What to do → Transcribe the whole listing exactly, but do not carry over its pictures.

Supplied data →

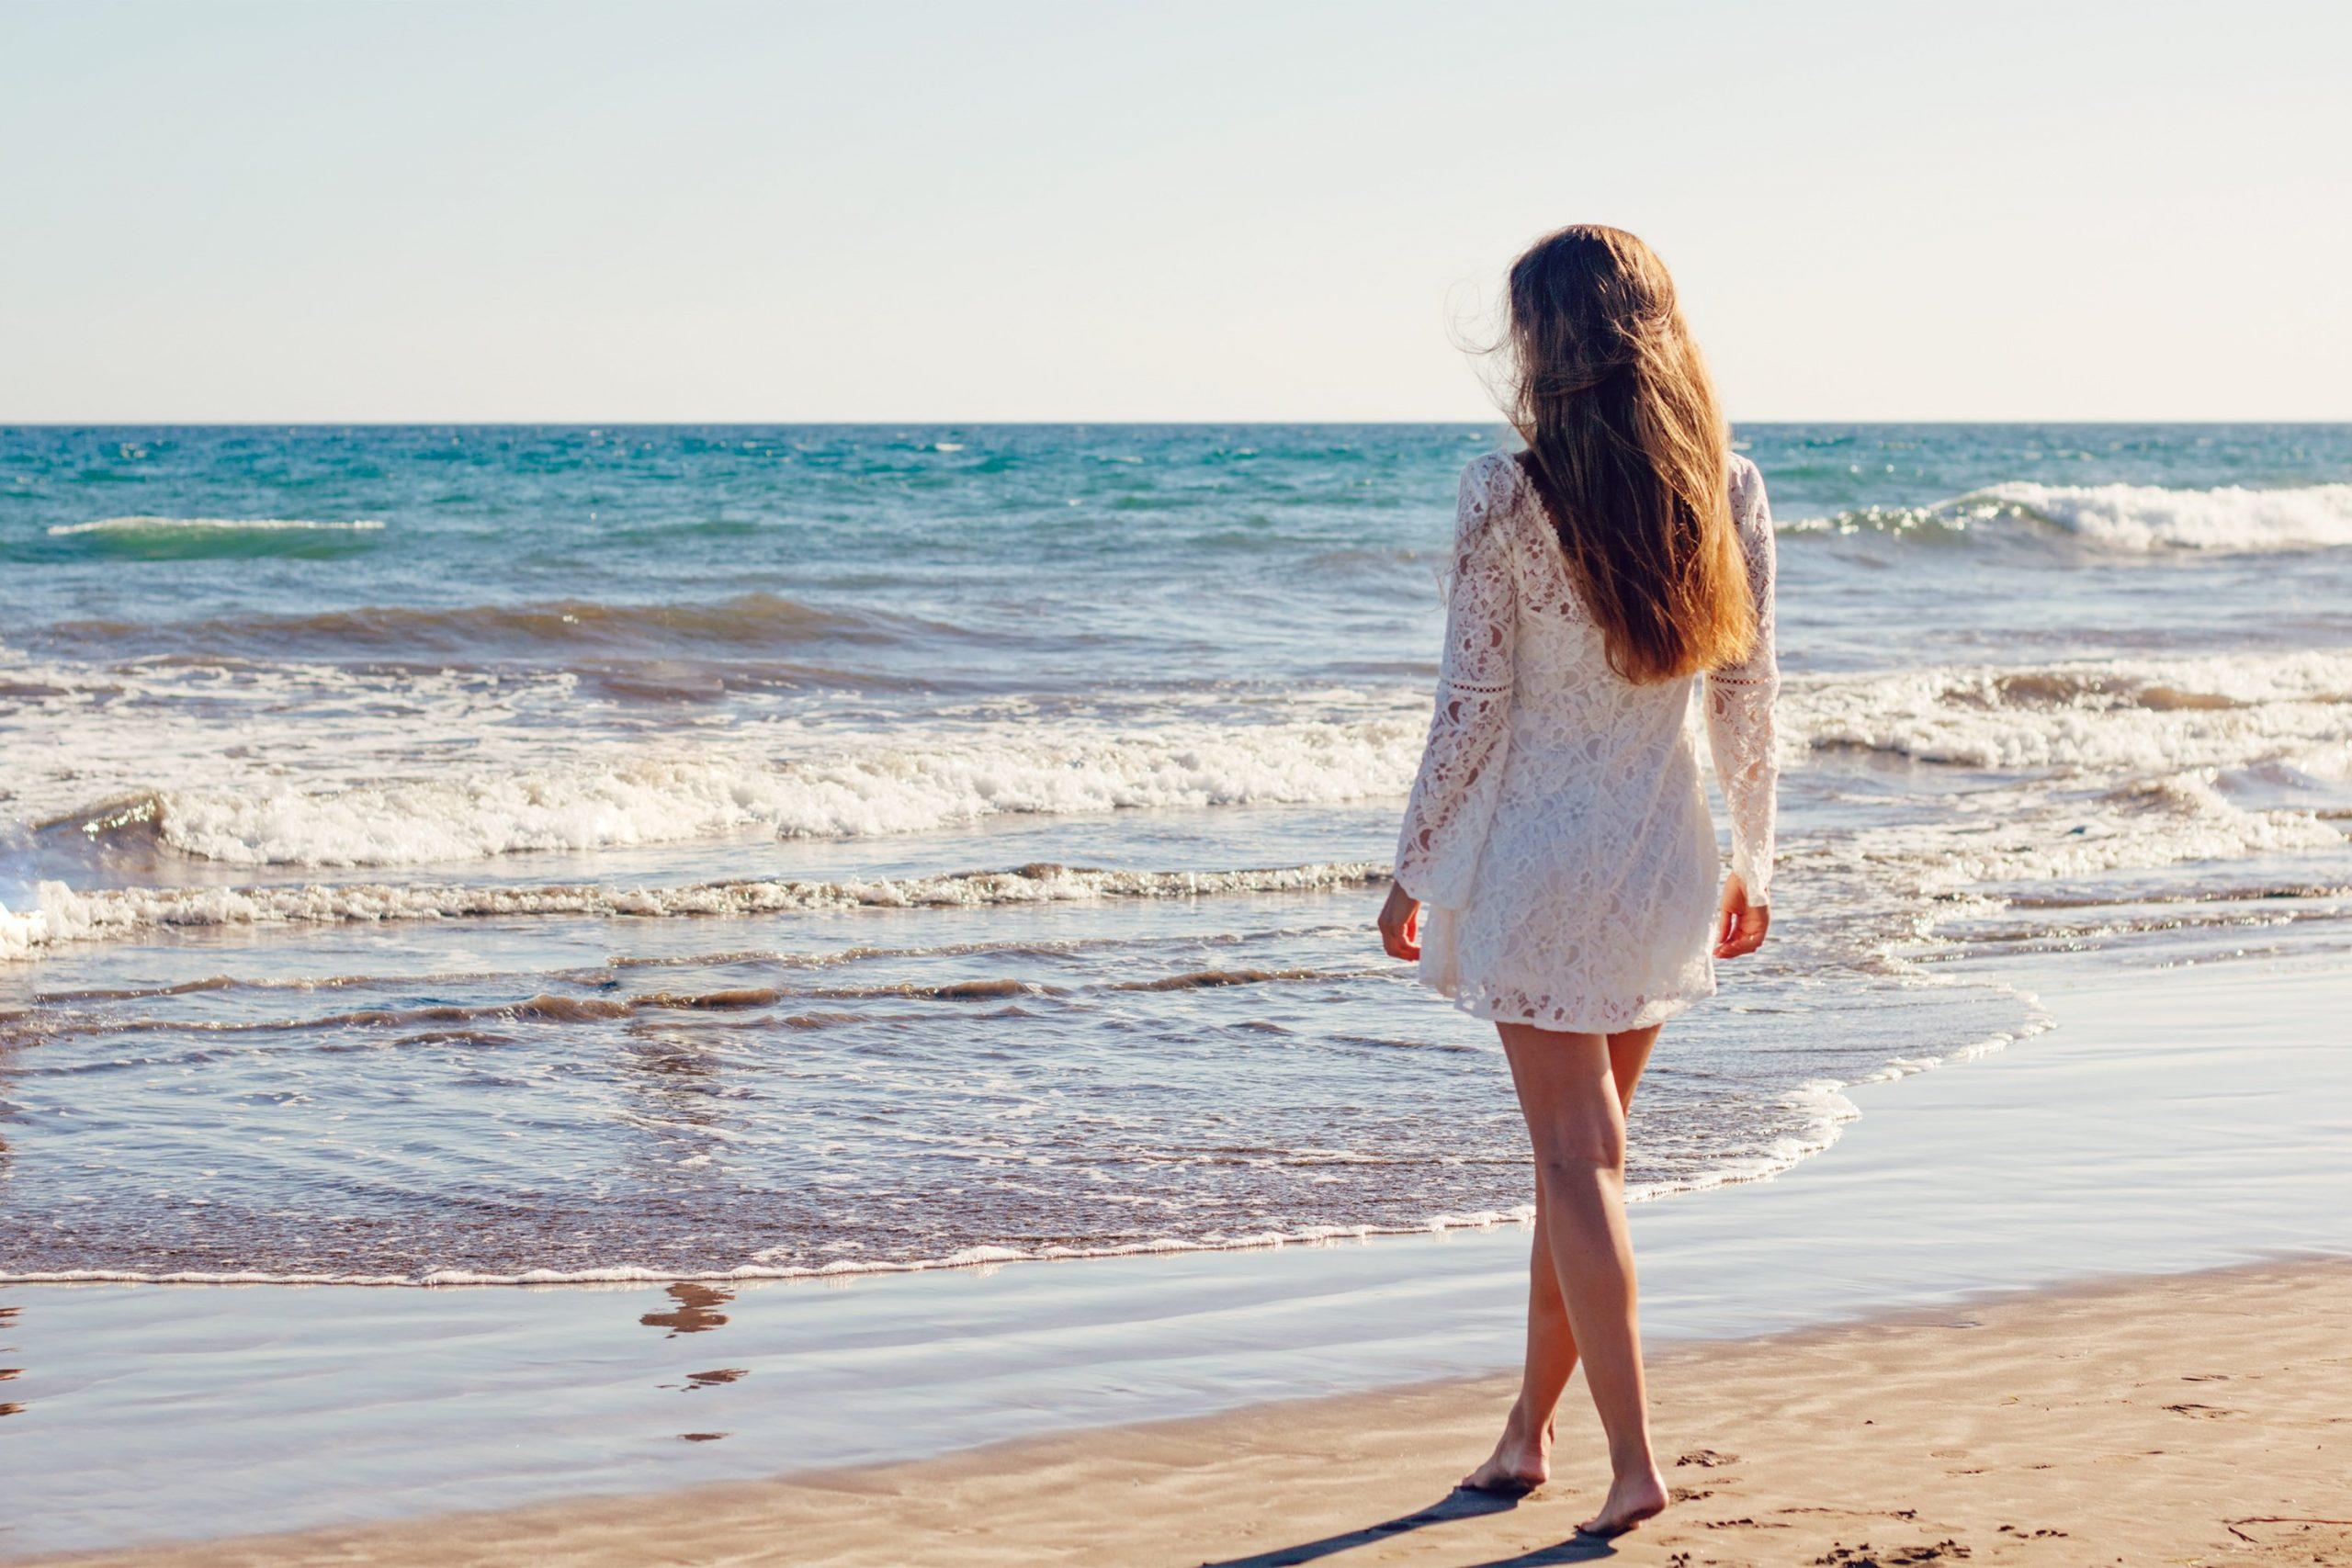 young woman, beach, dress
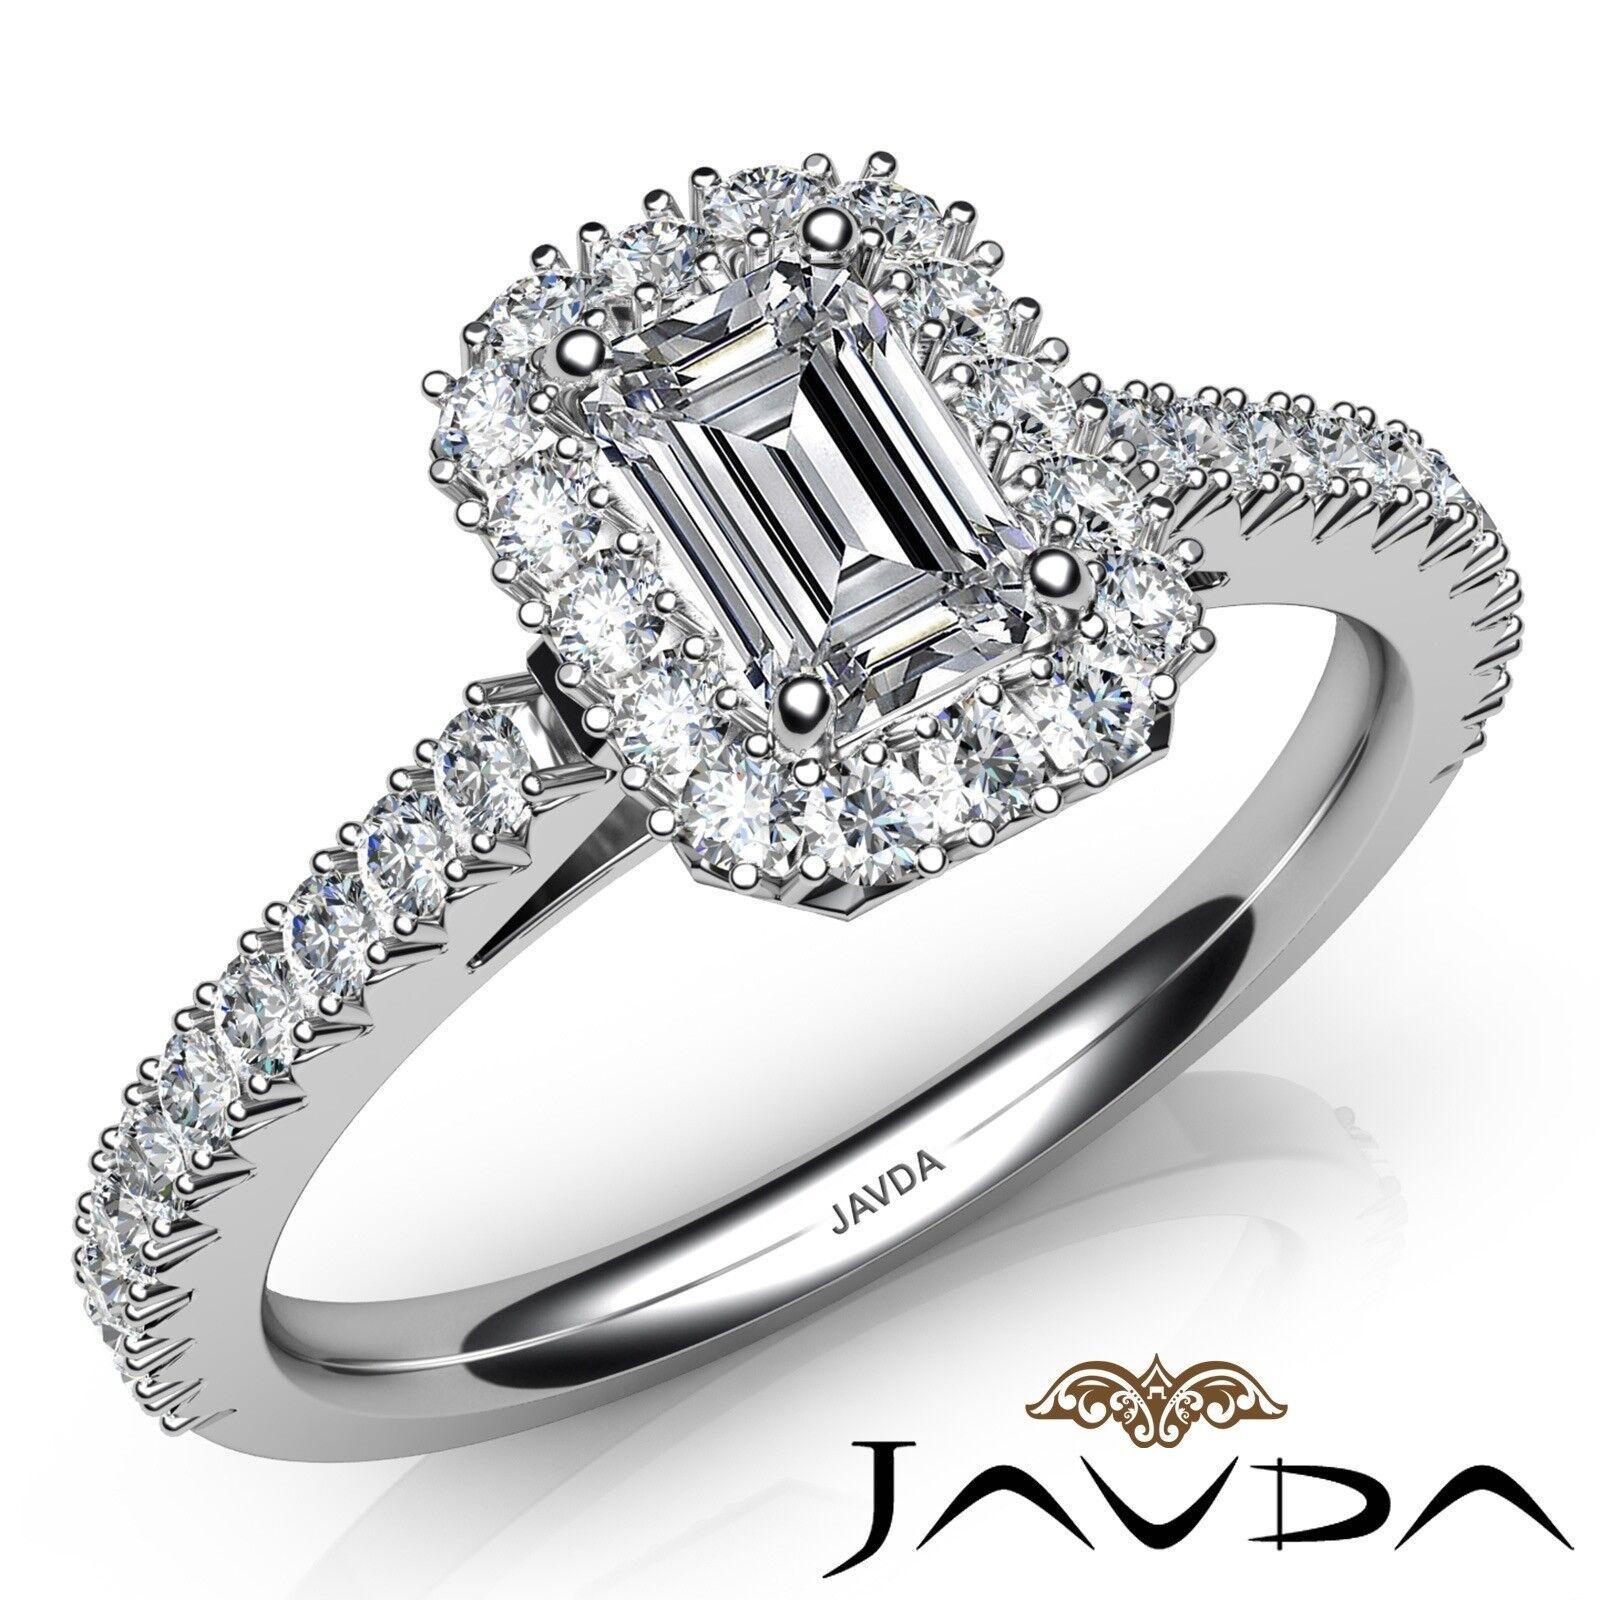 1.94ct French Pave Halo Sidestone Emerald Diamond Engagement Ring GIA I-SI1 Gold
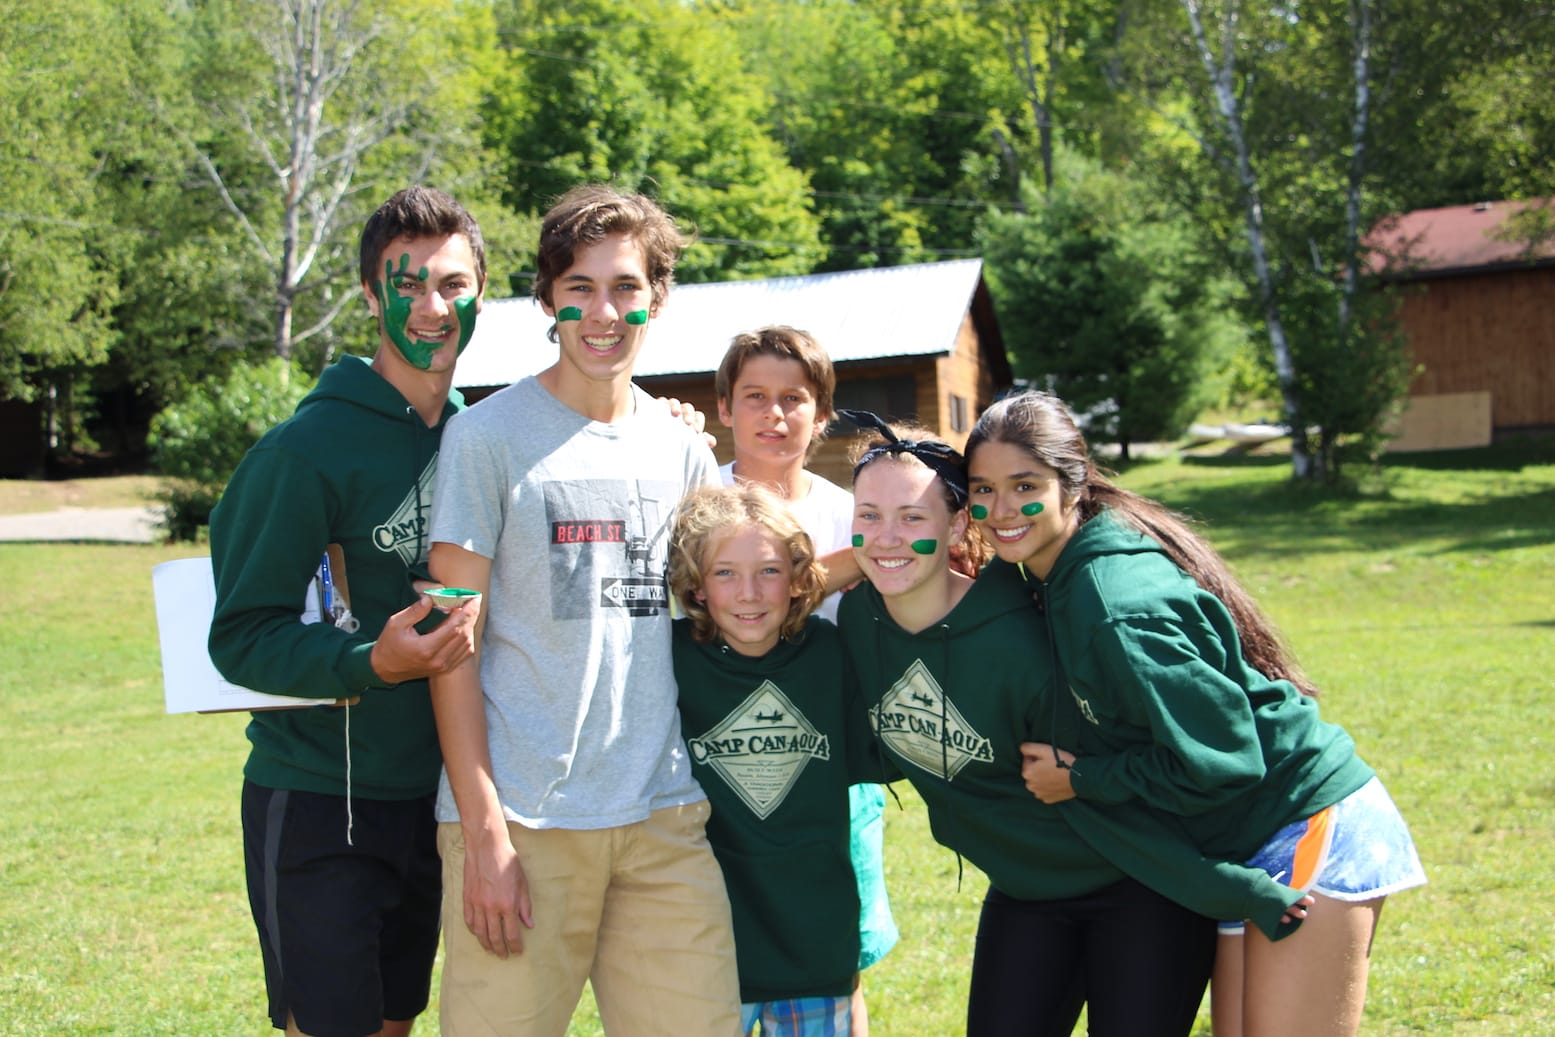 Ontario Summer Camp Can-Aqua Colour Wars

Answer area →
 young woman, beach, dress
 1.94ct French Pave Halo Sidestone Emerald Diamond Engagement Ring GIA I-SI1 Gold
 Ontario Summer Camp Can-Aqua Colour Wars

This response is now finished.